**Instructions for the task:** When a line in the entries contains the word "avec", copy that line in full.

**Given records:**
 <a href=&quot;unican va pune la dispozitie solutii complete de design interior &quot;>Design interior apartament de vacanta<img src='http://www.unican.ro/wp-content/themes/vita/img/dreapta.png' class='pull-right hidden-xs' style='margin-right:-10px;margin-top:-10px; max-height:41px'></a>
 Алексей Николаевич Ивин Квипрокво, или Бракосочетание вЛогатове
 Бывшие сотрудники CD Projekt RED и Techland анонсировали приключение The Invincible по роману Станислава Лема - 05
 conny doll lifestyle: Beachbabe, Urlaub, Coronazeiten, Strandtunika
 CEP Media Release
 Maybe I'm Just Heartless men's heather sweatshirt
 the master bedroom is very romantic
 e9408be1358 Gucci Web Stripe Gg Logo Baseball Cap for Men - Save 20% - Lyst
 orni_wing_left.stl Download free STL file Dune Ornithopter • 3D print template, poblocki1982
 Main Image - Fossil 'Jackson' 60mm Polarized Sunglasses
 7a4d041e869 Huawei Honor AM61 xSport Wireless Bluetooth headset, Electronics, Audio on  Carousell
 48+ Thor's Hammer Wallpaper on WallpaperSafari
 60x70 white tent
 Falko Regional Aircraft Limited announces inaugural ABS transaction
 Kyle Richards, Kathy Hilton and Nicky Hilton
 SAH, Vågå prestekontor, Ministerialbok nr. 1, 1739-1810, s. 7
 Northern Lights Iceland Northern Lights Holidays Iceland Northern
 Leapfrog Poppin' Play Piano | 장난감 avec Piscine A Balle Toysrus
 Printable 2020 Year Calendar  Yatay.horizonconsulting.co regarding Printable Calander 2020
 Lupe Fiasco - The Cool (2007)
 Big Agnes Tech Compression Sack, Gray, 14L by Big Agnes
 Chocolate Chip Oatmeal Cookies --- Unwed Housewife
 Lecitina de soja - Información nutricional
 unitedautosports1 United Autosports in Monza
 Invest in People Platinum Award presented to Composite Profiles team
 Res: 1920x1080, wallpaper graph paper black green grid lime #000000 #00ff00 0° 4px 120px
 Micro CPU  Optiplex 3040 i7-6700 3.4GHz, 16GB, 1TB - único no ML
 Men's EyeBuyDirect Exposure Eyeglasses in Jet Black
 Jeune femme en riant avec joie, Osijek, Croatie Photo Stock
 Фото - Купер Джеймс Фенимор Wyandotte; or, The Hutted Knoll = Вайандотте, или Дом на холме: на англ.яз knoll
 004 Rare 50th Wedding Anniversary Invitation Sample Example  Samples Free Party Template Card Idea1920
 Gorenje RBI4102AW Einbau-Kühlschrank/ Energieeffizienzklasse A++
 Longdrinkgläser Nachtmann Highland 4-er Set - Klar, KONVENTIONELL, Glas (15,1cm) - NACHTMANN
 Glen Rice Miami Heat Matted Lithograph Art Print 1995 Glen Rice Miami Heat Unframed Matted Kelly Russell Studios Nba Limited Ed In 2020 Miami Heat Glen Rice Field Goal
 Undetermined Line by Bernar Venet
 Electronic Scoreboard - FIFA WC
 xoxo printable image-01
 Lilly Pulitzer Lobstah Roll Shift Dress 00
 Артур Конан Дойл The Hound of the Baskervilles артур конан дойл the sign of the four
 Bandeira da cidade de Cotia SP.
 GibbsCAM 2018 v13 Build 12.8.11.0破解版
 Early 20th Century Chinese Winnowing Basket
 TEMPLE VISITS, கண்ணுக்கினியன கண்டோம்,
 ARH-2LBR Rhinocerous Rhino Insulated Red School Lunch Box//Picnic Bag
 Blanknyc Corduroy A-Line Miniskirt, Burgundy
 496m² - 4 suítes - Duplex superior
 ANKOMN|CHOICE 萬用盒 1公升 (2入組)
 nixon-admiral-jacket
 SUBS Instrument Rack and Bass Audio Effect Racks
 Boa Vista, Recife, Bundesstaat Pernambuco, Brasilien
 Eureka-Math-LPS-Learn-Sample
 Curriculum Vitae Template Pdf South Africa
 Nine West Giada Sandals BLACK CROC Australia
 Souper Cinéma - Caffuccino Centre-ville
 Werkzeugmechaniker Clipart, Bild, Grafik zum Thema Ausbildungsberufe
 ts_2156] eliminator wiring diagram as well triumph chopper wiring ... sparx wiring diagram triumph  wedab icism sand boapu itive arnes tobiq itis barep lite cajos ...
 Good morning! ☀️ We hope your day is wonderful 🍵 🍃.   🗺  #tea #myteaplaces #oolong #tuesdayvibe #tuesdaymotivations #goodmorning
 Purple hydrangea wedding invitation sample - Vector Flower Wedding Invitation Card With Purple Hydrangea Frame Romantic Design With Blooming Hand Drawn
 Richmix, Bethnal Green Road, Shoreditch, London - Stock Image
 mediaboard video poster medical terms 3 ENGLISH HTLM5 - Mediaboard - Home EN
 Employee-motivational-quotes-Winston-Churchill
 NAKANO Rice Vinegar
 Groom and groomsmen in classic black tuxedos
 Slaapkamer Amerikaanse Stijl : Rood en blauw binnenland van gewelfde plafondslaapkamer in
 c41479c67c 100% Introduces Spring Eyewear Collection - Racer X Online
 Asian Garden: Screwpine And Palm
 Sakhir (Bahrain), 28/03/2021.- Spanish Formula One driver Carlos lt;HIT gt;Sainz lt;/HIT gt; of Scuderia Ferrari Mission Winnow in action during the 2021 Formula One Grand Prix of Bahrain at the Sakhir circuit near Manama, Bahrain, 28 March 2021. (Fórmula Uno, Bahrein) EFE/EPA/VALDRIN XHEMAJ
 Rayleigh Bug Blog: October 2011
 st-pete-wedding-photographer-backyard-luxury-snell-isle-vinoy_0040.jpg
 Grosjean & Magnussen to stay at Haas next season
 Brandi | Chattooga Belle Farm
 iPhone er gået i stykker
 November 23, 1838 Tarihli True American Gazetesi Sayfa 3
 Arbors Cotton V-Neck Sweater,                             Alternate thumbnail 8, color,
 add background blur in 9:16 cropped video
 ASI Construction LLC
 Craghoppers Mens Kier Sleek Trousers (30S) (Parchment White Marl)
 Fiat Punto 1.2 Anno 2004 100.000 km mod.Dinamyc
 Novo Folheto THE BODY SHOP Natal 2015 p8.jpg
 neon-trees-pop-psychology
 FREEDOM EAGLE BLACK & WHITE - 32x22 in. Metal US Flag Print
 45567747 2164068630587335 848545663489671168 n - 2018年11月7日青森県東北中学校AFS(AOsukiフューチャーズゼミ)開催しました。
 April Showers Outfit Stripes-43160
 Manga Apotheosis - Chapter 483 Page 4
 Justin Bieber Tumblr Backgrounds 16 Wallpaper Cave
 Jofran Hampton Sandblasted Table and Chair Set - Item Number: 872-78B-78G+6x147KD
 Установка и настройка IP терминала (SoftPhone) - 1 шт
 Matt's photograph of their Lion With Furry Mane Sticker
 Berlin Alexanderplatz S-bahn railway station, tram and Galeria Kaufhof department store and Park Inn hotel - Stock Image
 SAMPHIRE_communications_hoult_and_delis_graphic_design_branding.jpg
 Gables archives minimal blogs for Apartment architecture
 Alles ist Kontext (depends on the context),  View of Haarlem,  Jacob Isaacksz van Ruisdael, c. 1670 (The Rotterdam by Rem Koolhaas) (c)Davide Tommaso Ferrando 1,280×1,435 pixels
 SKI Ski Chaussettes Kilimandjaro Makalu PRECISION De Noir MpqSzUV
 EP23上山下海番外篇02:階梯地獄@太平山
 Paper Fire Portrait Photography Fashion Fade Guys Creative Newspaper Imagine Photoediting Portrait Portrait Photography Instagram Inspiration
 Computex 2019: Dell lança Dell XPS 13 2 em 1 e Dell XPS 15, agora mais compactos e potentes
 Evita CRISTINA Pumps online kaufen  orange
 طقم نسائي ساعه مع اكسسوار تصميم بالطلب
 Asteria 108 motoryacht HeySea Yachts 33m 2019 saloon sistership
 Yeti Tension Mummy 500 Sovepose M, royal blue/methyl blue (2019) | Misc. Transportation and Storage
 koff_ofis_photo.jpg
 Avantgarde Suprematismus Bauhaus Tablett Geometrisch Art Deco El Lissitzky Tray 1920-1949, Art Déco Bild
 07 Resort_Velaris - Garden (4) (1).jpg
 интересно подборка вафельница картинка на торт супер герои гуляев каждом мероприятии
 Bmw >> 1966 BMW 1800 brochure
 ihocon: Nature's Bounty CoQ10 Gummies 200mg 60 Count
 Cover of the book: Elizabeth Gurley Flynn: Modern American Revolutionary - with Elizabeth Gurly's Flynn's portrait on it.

**Completed task:**
 Leapfrog Poppin' Play Piano | 장난감 avec Piscine A Balle Toysrus
 Jeune femme en riant avec joie, Osijek, Croatie Photo Stock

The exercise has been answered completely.